Beginning at the line containing "El Salvador Project 2017 Project Report" in the material below and ending at the line containing "Nokia 3.2 16GB Black", return each line exactly and add nothing.

## [DATA SHOWN]

################

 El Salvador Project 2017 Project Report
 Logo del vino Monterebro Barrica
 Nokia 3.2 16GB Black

################

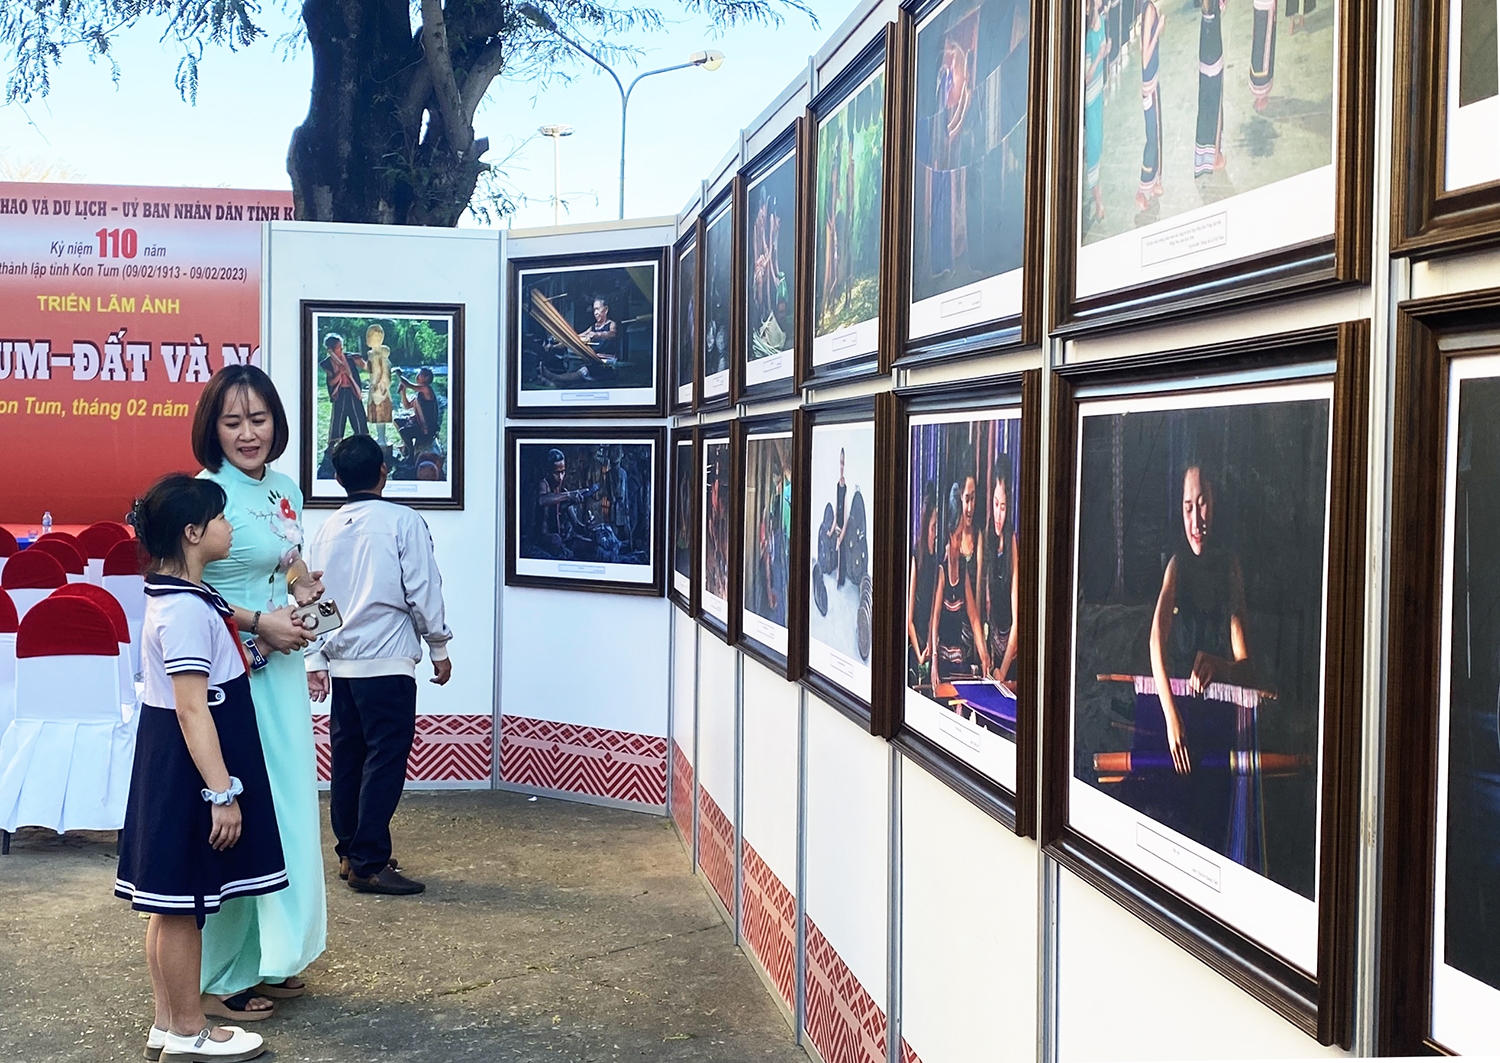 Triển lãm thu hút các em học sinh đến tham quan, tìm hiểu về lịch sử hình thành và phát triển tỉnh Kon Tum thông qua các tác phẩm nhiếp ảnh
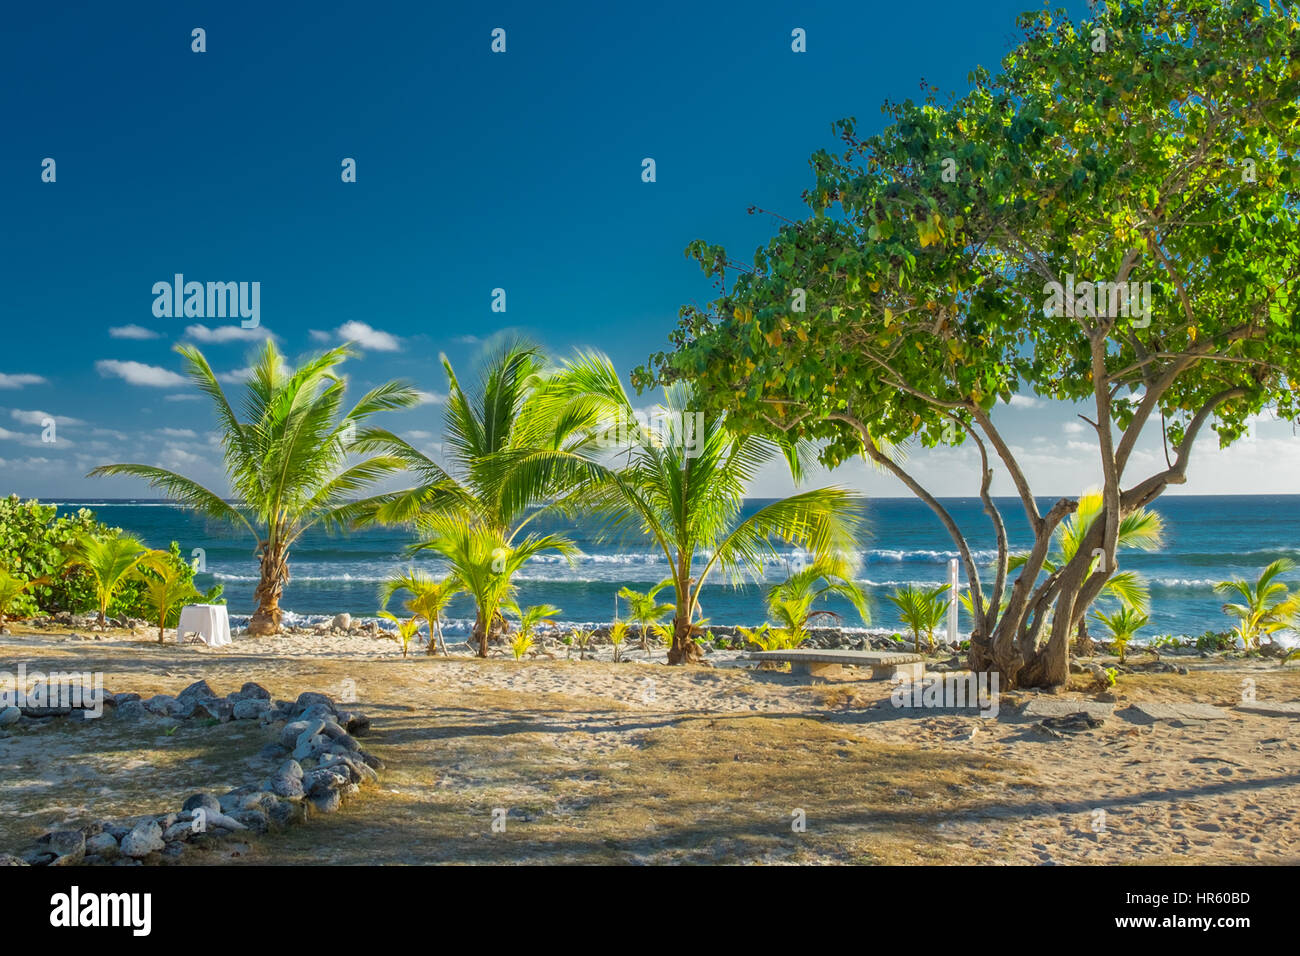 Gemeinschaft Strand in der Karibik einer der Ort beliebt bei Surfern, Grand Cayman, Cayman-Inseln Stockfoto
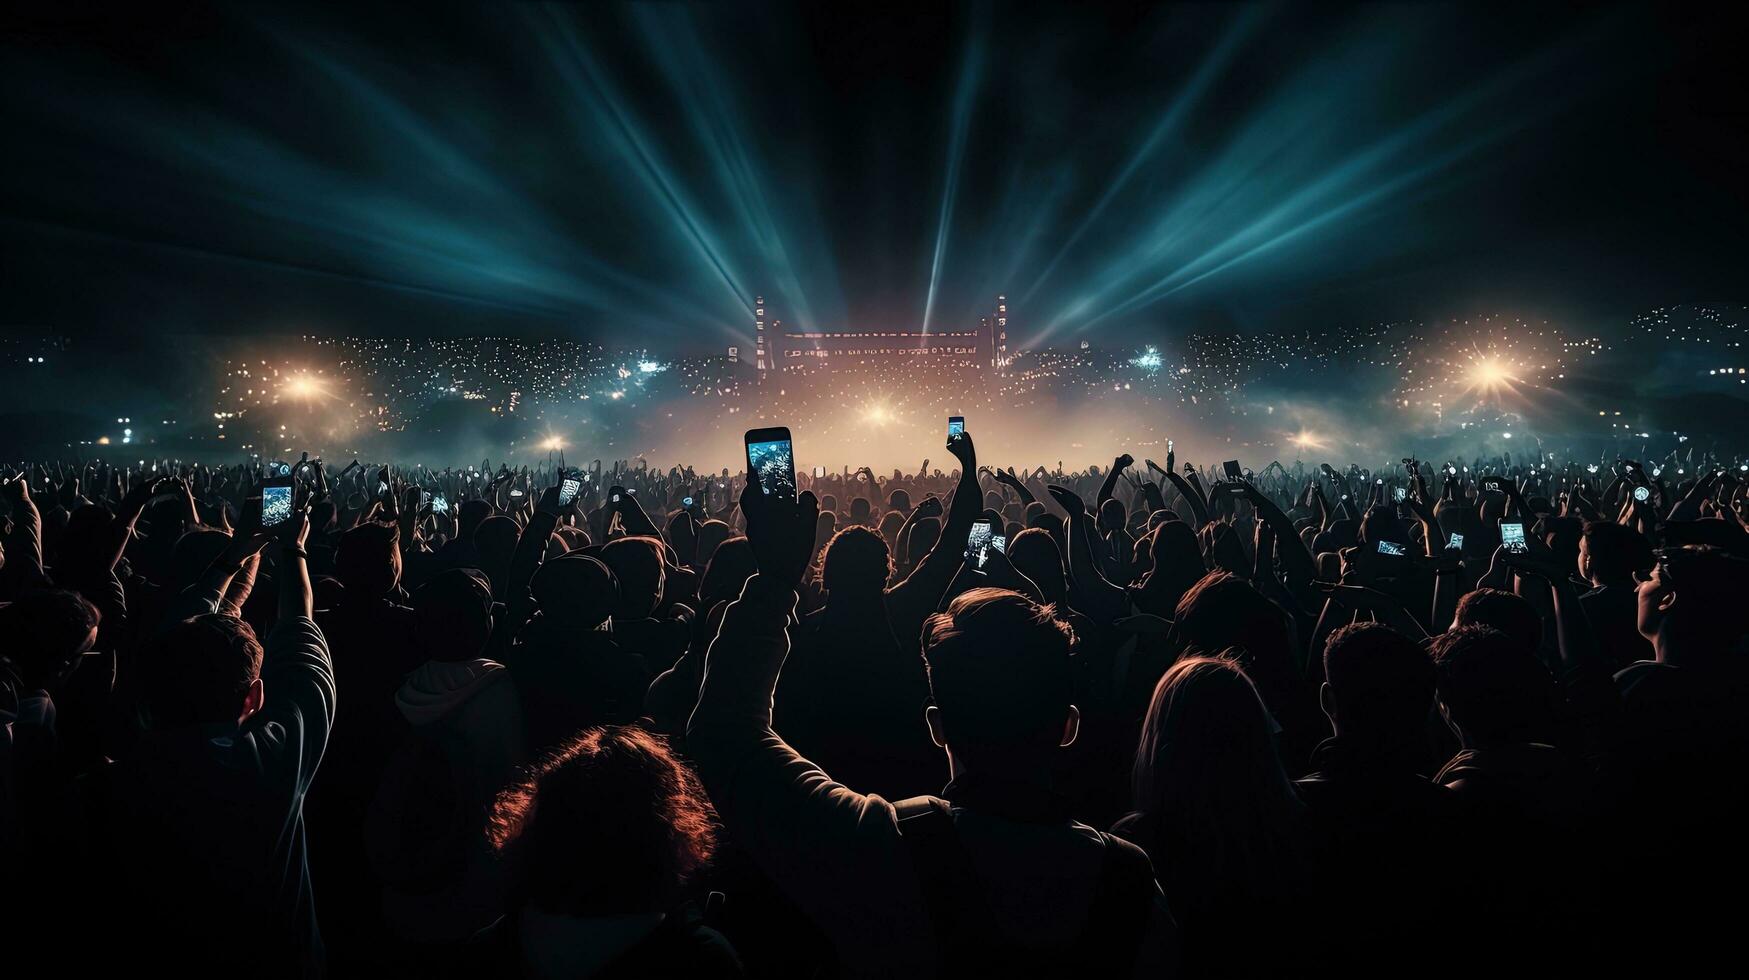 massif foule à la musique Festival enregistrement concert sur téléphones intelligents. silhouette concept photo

################

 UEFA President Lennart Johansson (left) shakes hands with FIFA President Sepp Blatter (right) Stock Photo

################

## [OUTPUT OF THE TASK]
 El Salvador Project 2017 Project Report
 Logo del vino Monterebro Barrica
 Nokia 3.2 16GB Black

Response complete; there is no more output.